Il romanzo d’esordio di Daniela Dawan si occupa proprio di questo: l’impossibilità di dimenticare forgia e ricostruisce la catena del ricordo che permette ai viventi di non far precipitare i morti nell’oblio, rende ciò che è stato importante alla stessa stregua di ciò che sarà.

La storia narrata, infatti, si sviluppa su un doppio binario: il presente e la sua felicità consegnata alla storia d’amore tra la brillante pianista Anna Orvieto e l’altrettanto brillante fotografo Philippe e il passato in cui la fine della vicenda amorosa tra Cesare Orvieto, un prestigioso medico fascista di origine ebraica che opera a Tunisi e la pianista Augusta Levi si intreccia con la crisi del suo matrimonio e l’avvento delle leggi razziali promulgate nel 1938 dal governo Mussolini.

L’intreccio tra le due vicende è reso possibile dai legami di parentela tra la giovane pianista di oggi e il celebre medico di ieri e da un viaggio che la donna farà a Tunisi alla ricerca del filo spezzato dei suoi ricordi incompleti.
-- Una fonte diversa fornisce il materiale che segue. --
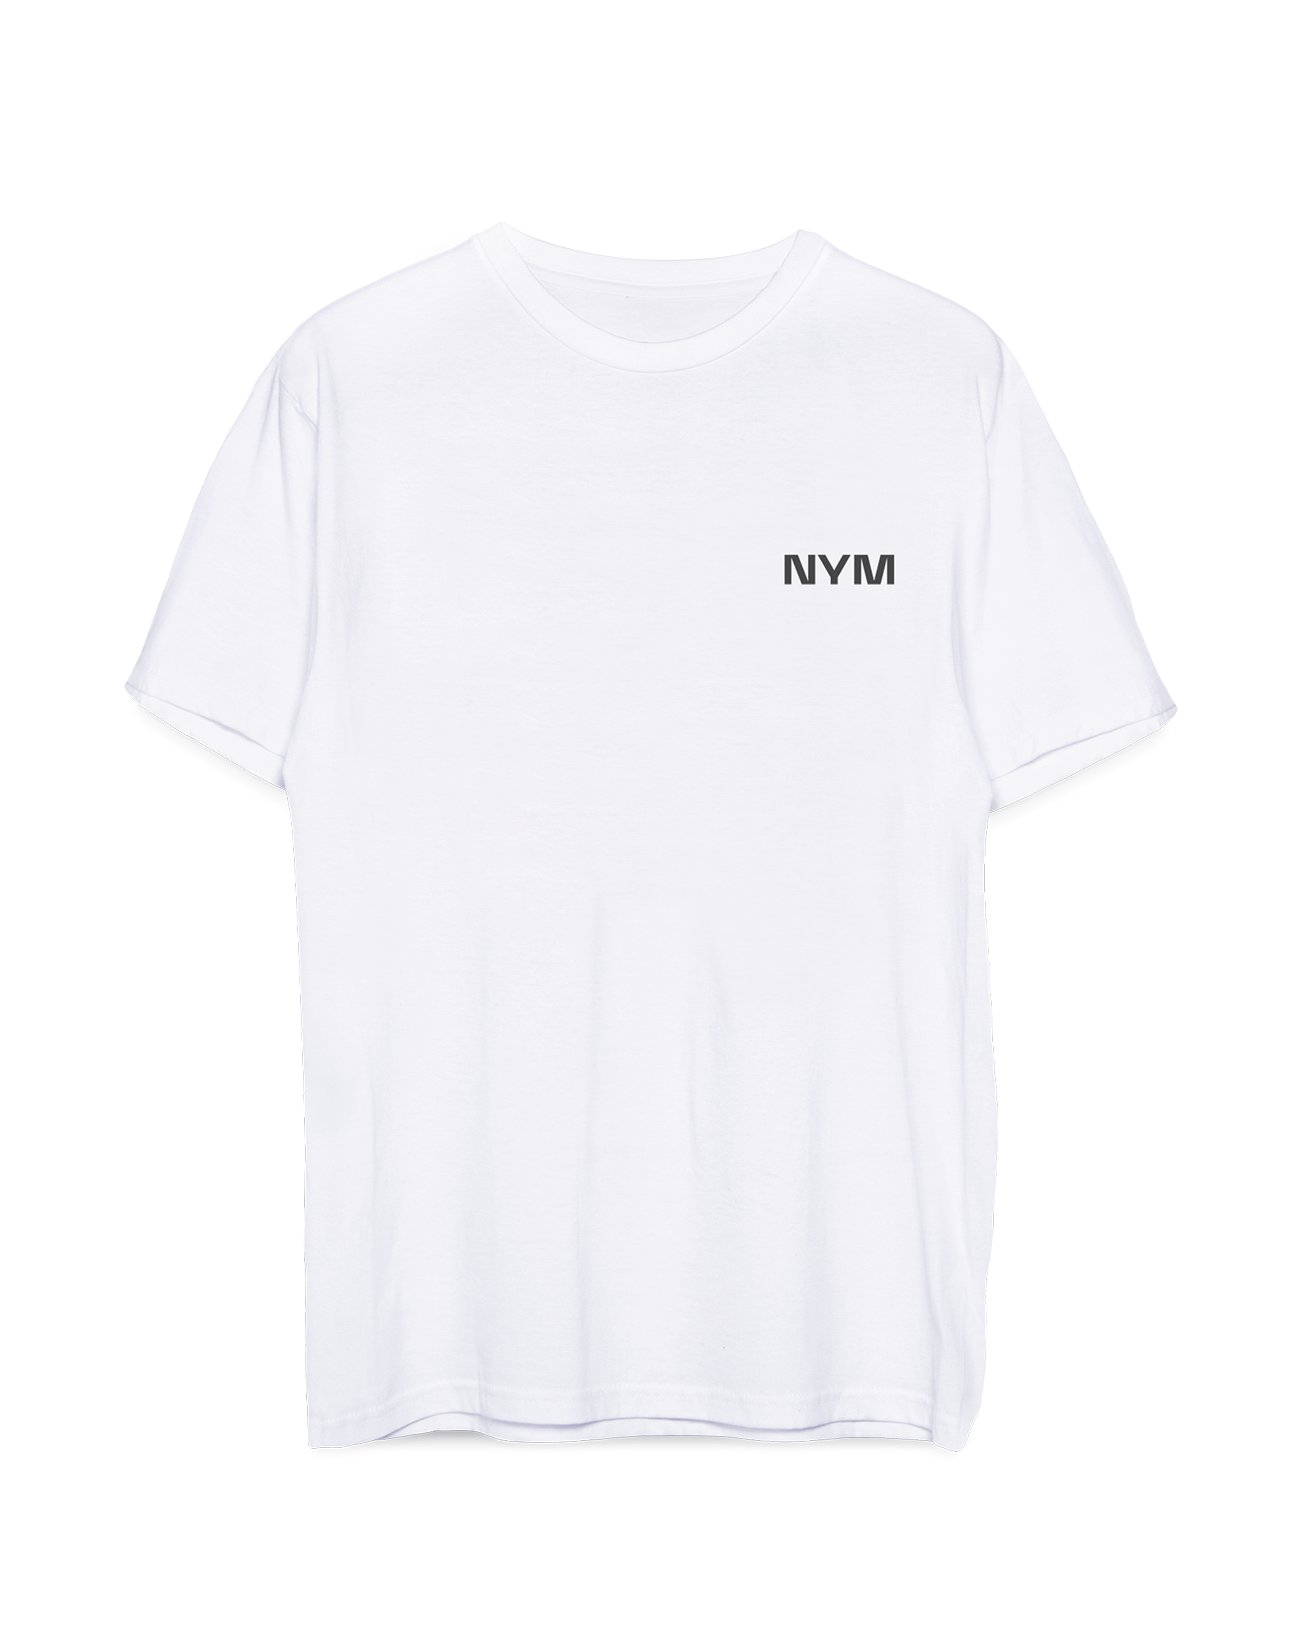 Return of Privacy White Unisex t-shirt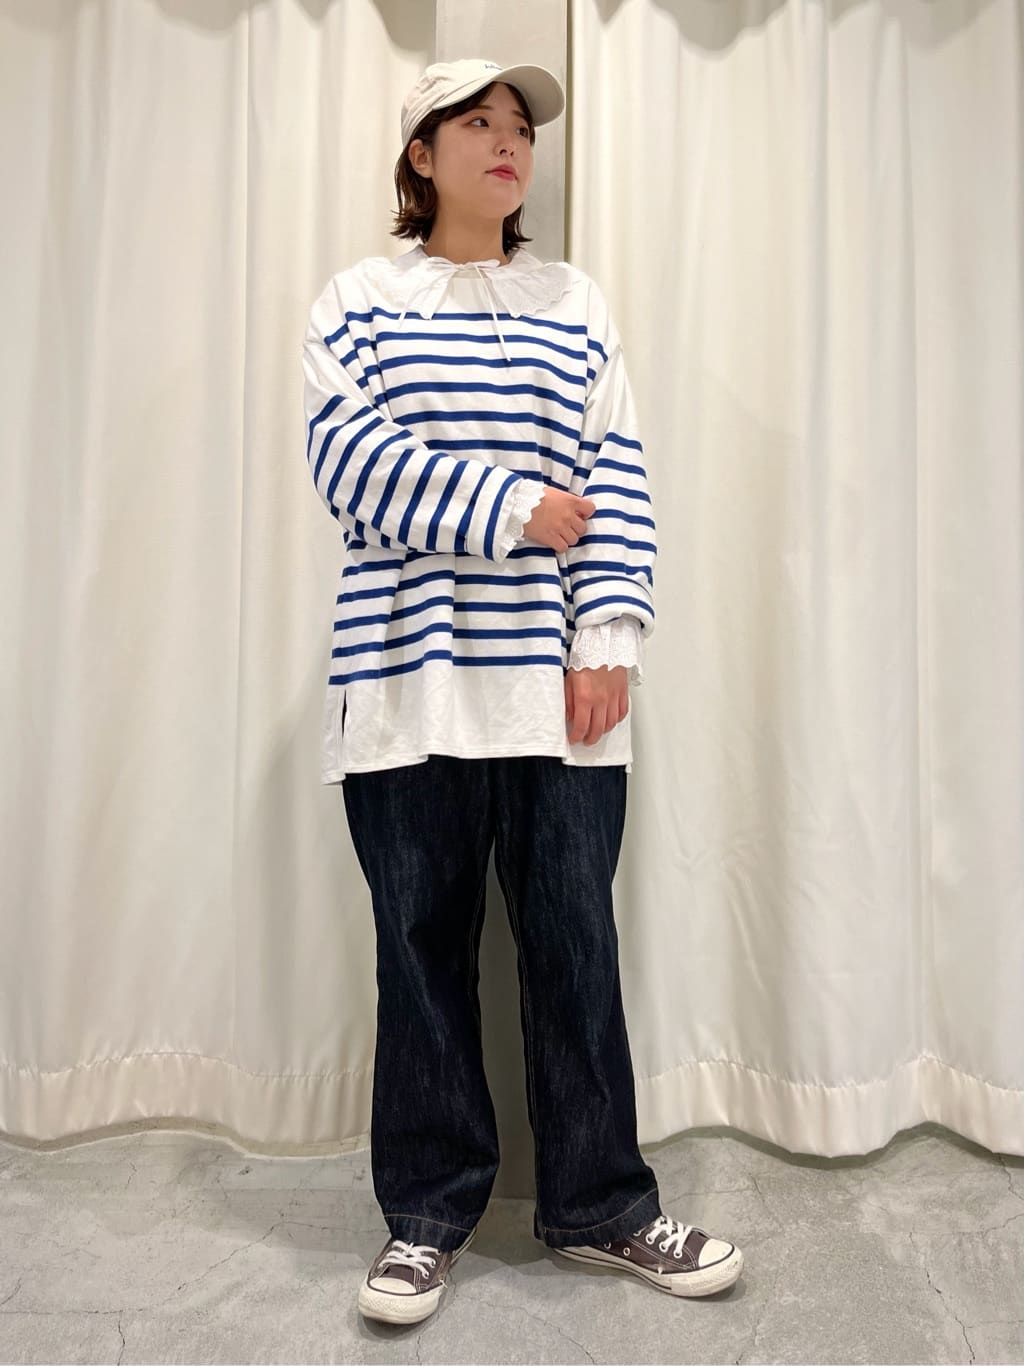 Dot and Stripes CHILD WOMAN CHILD WOMAN , PAR ICI 新宿ミロード 身長：160cm 2022.04.15

Anche se, quasi ovviamente, la parte più robusta della storia è costituita dalle vicende infelici e tragiche di Cesare Orvieto, il contrappunto della vicenda amorosa (e pianistica) di Anna, sua nipote, rilancia continuamente la narrazione e la rende compatibile con le aspirazioni e i rimpianti dell’oggi, soprattutto con la nostalgia  per ciò che si sarebbe voluto conoscere meglio e non si è potuto farlo. La giovane pianista avrebbe desiderato da sempre essere maggiormente consapevole del suo passato ma solo le imprevedibili evenienze del presente glielo permetteranno.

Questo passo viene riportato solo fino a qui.